The Supreme Court’s failure to announce a definitive test for determining the constitutional excessiveness of civil forfeiture takings under the Eighth Amendment has led to disagreement among state and federal courts on the proper standard. At the same time, the War on Drugs has resulted in an explosion of civil forfeiture filings against the property of ordinary citizens — many are whom are innocent of any wrongdoing — and therefore there is a profound need for a robust constitutional test that satisfies the Eighth Amendment’s original purposes. This need has grown more urgent because civil forfeiture practices are increasingly plagued by police abuses motivated by self-gain, and recent studies show that civil forfeitures disproportionately affect low-income and minority individuals who are least able to defend their hard-earned property.

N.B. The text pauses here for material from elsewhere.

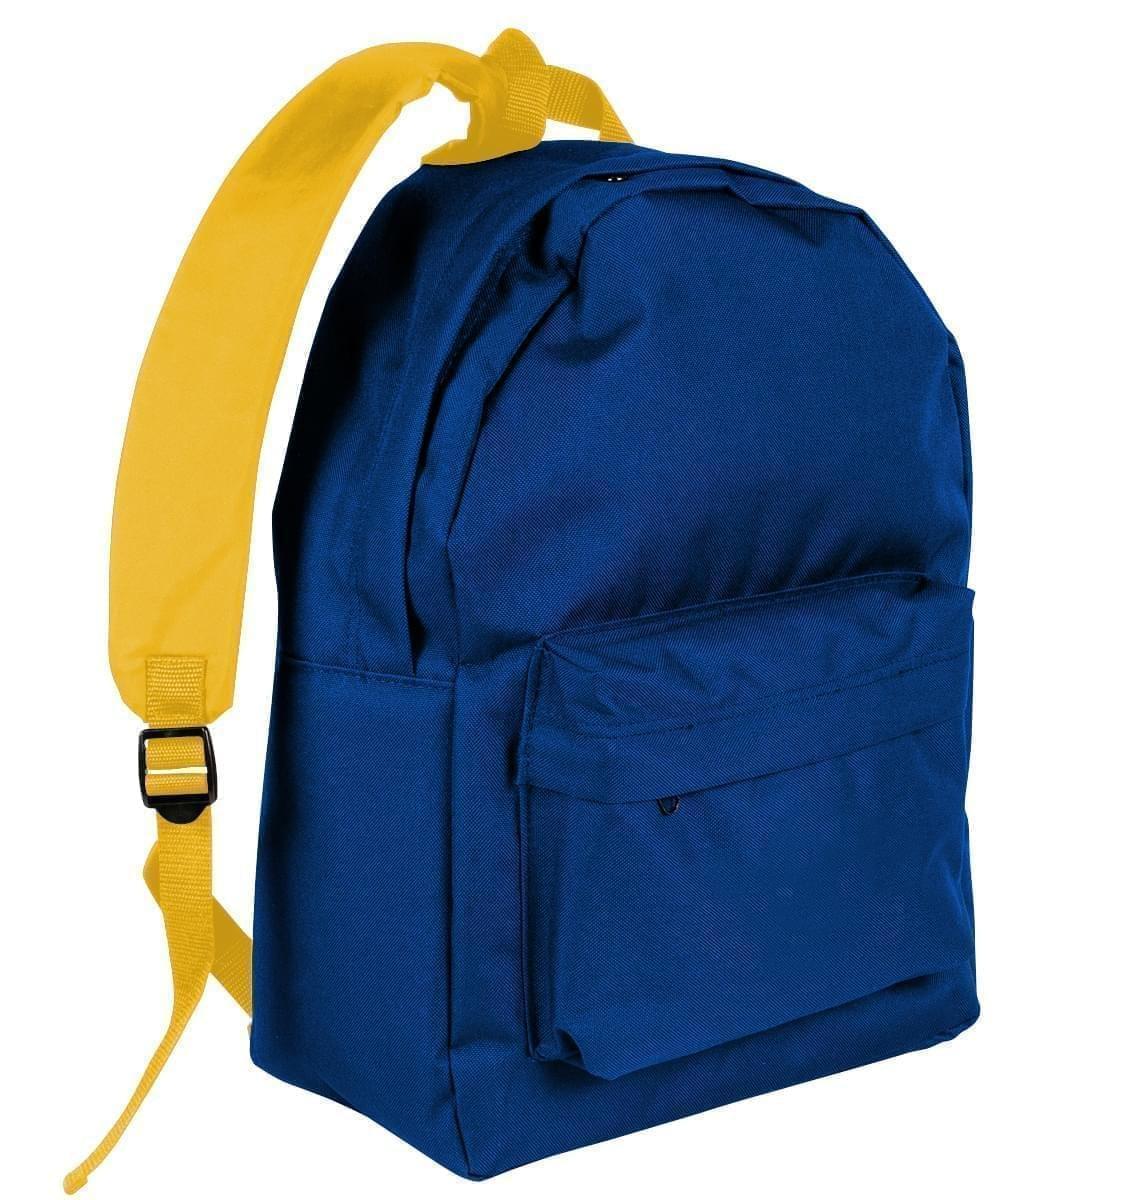 USA Made Nylon Poly Backpack Knapsacks, Royal Blue-Gold, 8960-A05
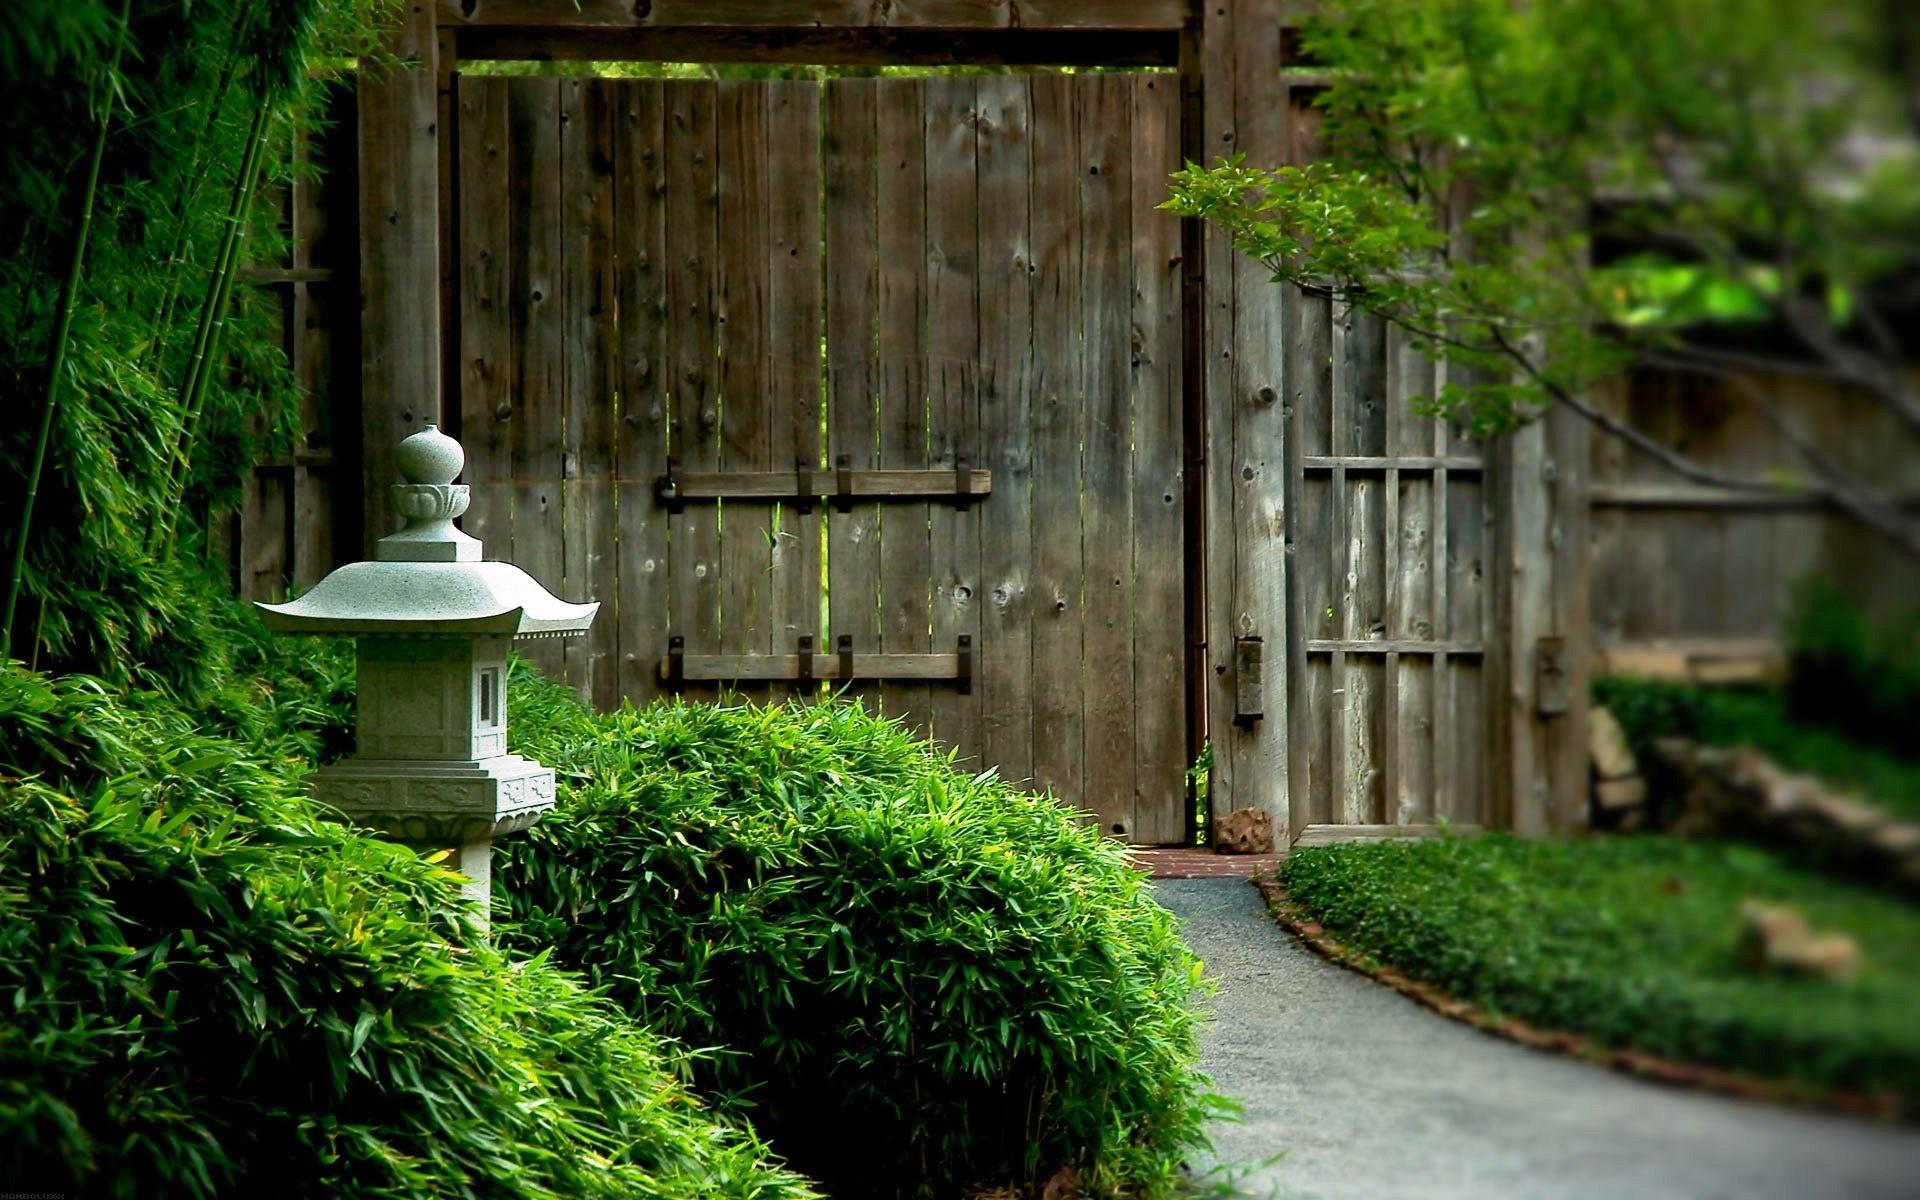 green garden images

This Article documents the aggressive use of civil forfeiture in Pennsylvania and, by way of illustration, presents the plight of elderly, African-American homeowners in Philadelphia who were not charged with any crime and yet faced the loss of their homes because their adult children were arrested for minor drug offenses. In such cases, the Eighth Amendment should play a vital role in preventing excessive punishments. But some courts mistakenly apply a rigid proportionality test, upon prosecutorial urging, that simply compares the market value of the home to the maximum statutory fine for the underlying drug offense. When a home value is shown to be less than the maximum fine, these courts presume the taking to be constitutional. Under such a one-dimensional test, prosecutors routinely win because the cumulative maximum fines for even minor drug offenses almost always exceed the market values of modest, inner-city homes. This cannot be the proper test. Instead, this Article contends that the proper constitutional test for excessiveness must be a searching, fact-intensive inquiry, in which courts are required to balance five essential factors: (1) the relative instrumentality of the property at issue to the predicate offense; (2) the relative culpability of the property owner; (3) the proportionality between the value of the property at issue and the gravity of the predicate offense; (4) the harm (if any) to the community caused by the offending conduct; and (5) the consequences of forfeiture to the property owner.